WHAT YOU HAVE TO DO: Nothing but the text belongs in the answer: the listing below, copied exactly, without pictures.

DATA BELOW:
----
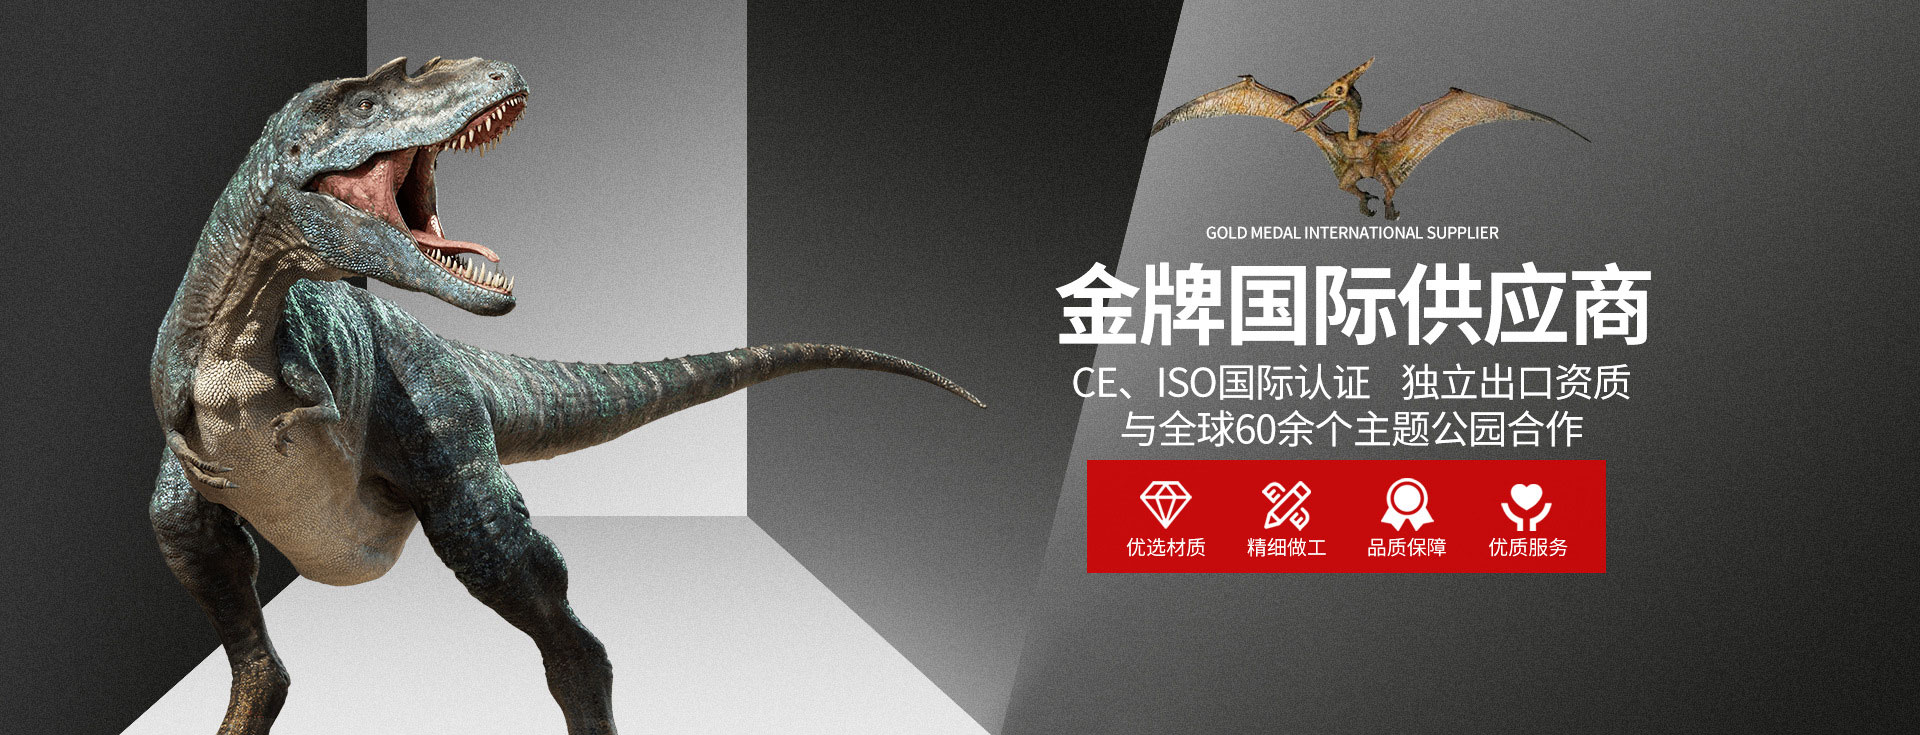 自贡龙8游戏官方网站登录艺术有限责任公司-龙8娱乐最新网址long8国际手机版制作厂家
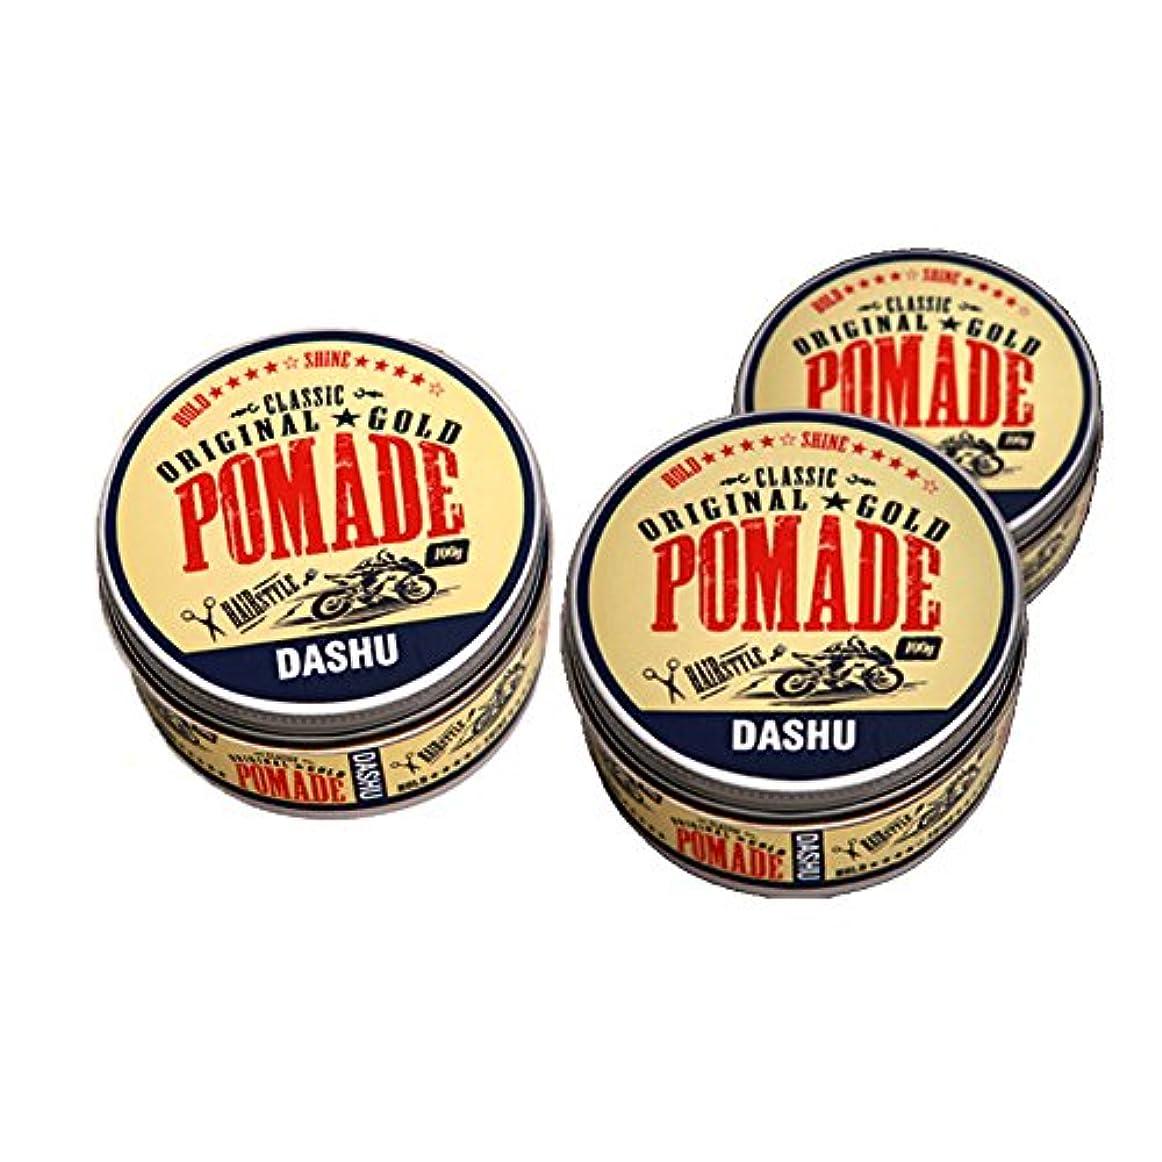 試すメディア何でも(3個セット) x [DASHU] ダシュ クラシックオリジナルゴールドポマードヘアワックス Classic Original Gold Pomade Hair Wax 100ml / 韓国製 . 韓国直送品
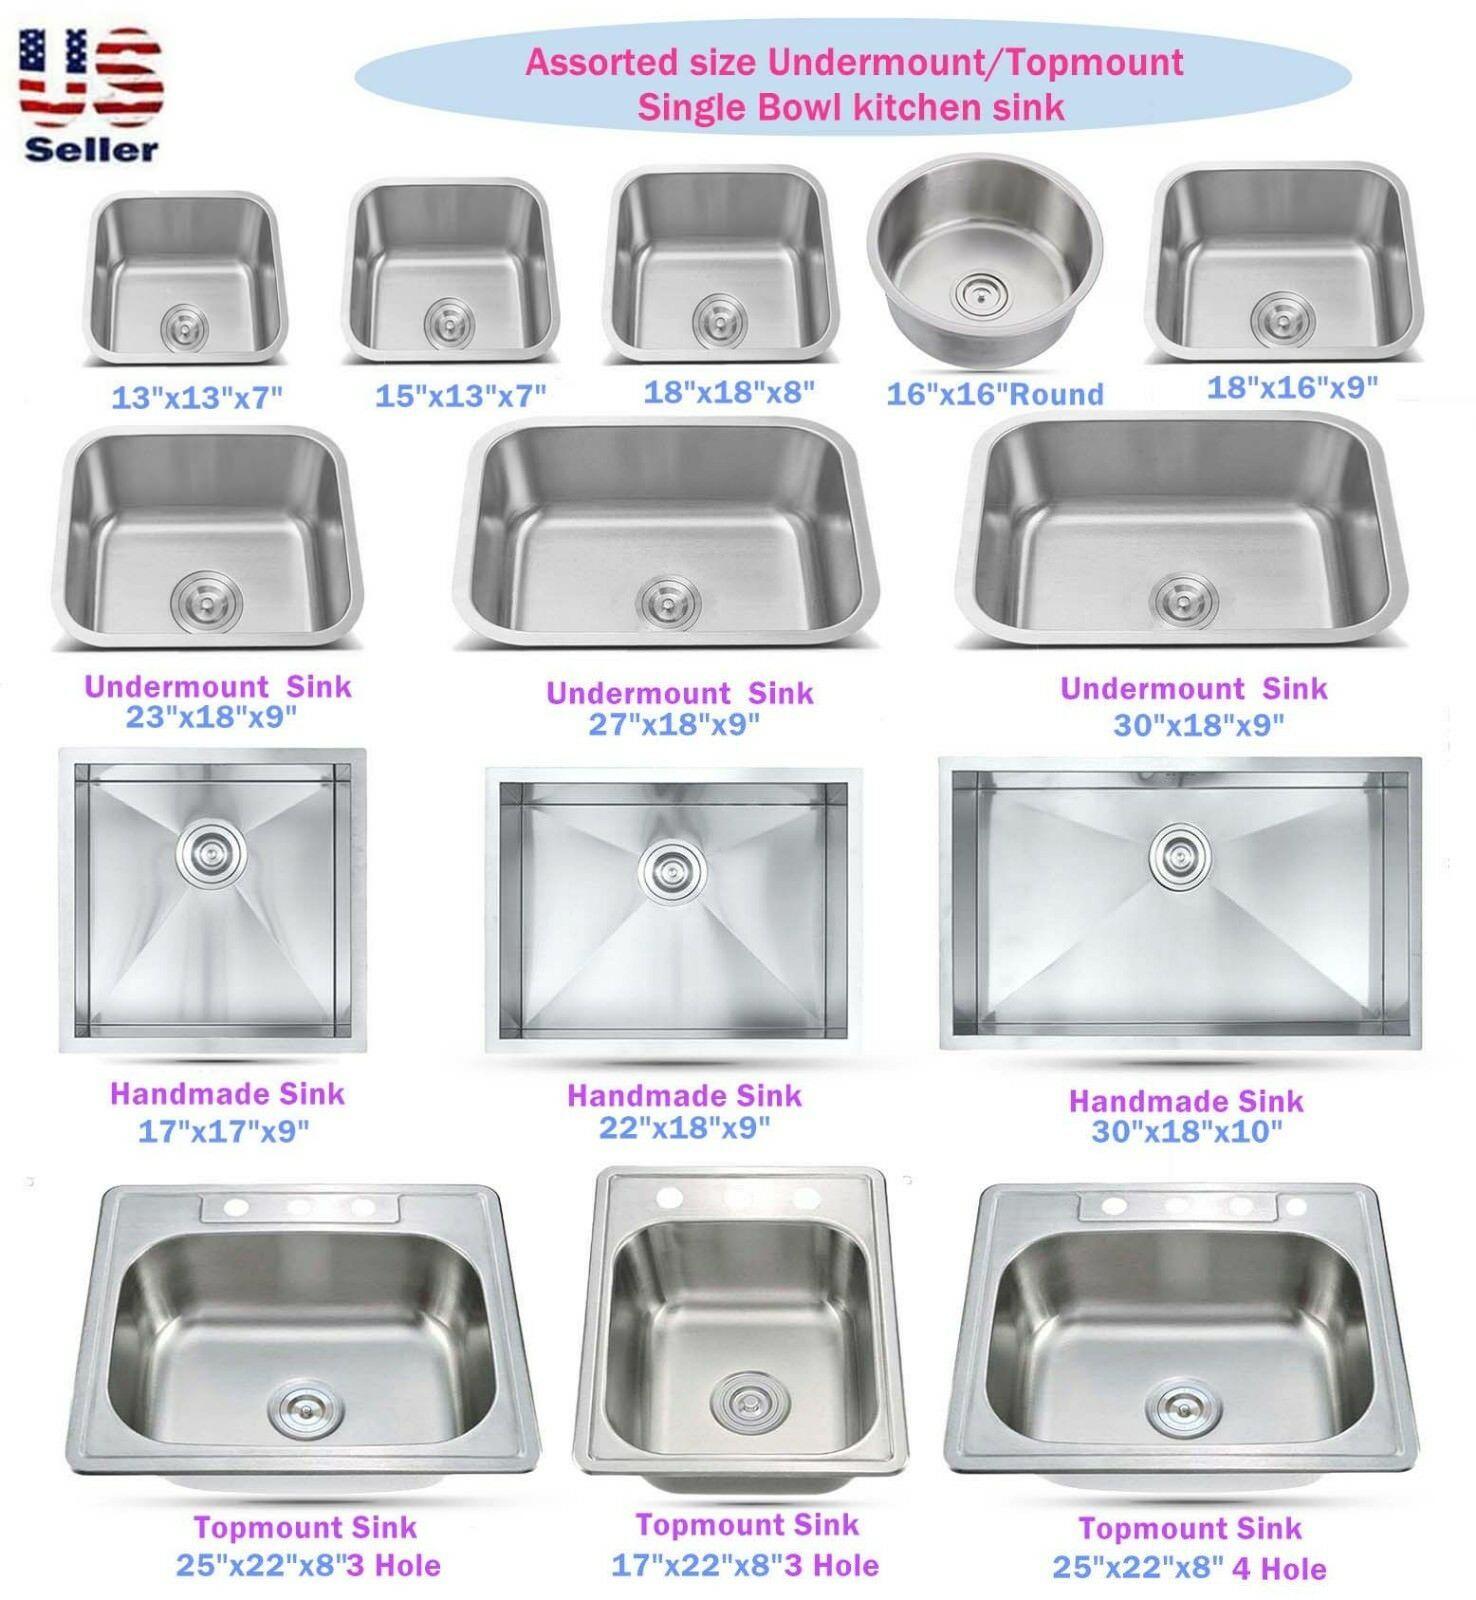 Stainless Steel Topmount Undermount Single Bowl Kitchen Sink
----
TASK ANSWER:
 自贡龙8游戏官方网站登录艺术有限责任公司-龙8娱乐最新网址long8国际手机版制作厂家
 試すメディア何でも(3個セット) x [DASHU] ダシュ クラシックオリジナルゴールドポマードヘアワックス Classic Original Gold Pomade Hair Wax 100ml / 韓国製 . 韓国直送品
 Stainless Steel Topmount Undermount Single Bowl Kitchen Sink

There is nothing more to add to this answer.